Forum Moderators: phranque

Message Too Old, No Replies

Can't Rewrite to .html, only .htm

         

robzilla

2:45 pm on May 30, 2006 (gmt 0)

WebmasterWorld Senior Member 10+ Year Member Top Contributors Of The Month



I'm trying to rewrite paths like "/folder/blue/index.html" to "blue.html", "/folder/blue/index2.html" to "blue2.html", etc, with the following code in my .htaccess file:

Options +FollowSymLinks
RewriteEngine on
RewriteRule blue(.*)\.htm$ /folder/blue/index$1.html

Using that, I can only access the file as blue.htm, not as blue.html.

I've tried..

RewriteRule blue(.*)\.html$ /folder/blue/index$1.html

..and..
RewriteRule blue(.*)\.html /folder/blue/index$1.html

..but they were merely guesses, and didn't work (resulted in an internal server error).

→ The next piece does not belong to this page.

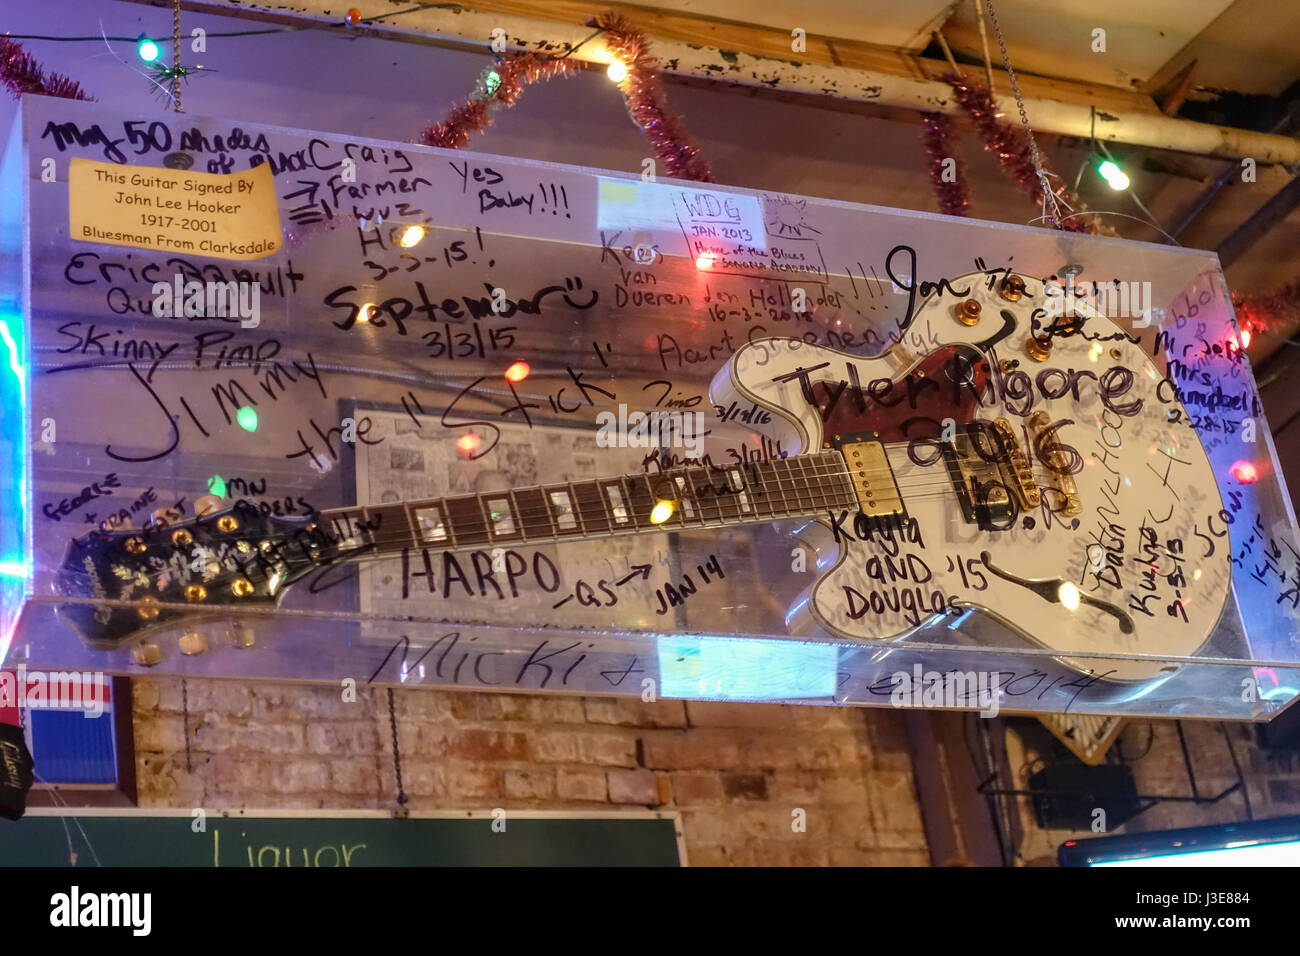 Guitare signé par John Lee Hooker à Morgan Freeman's Ground Zero Blues Club à Clarksdale, Mississippi Banque D'Images

Now, it would be even better if I could rewrite a "blue" folder (e.g. /folder/blue/index.html to blue.html) and, for example, a "red" folder (e.g. /folder/red/index.html to red.html) with one piece of code, but I haven't been able to figure that out.

Can anyone tell me how to fix this?

jdMorgan

2:56 pm on May 30, 2006 (gmt 0)

WebmasterWorld Senior Member 10+ Year Member



There's nothing fatally wrong with your code.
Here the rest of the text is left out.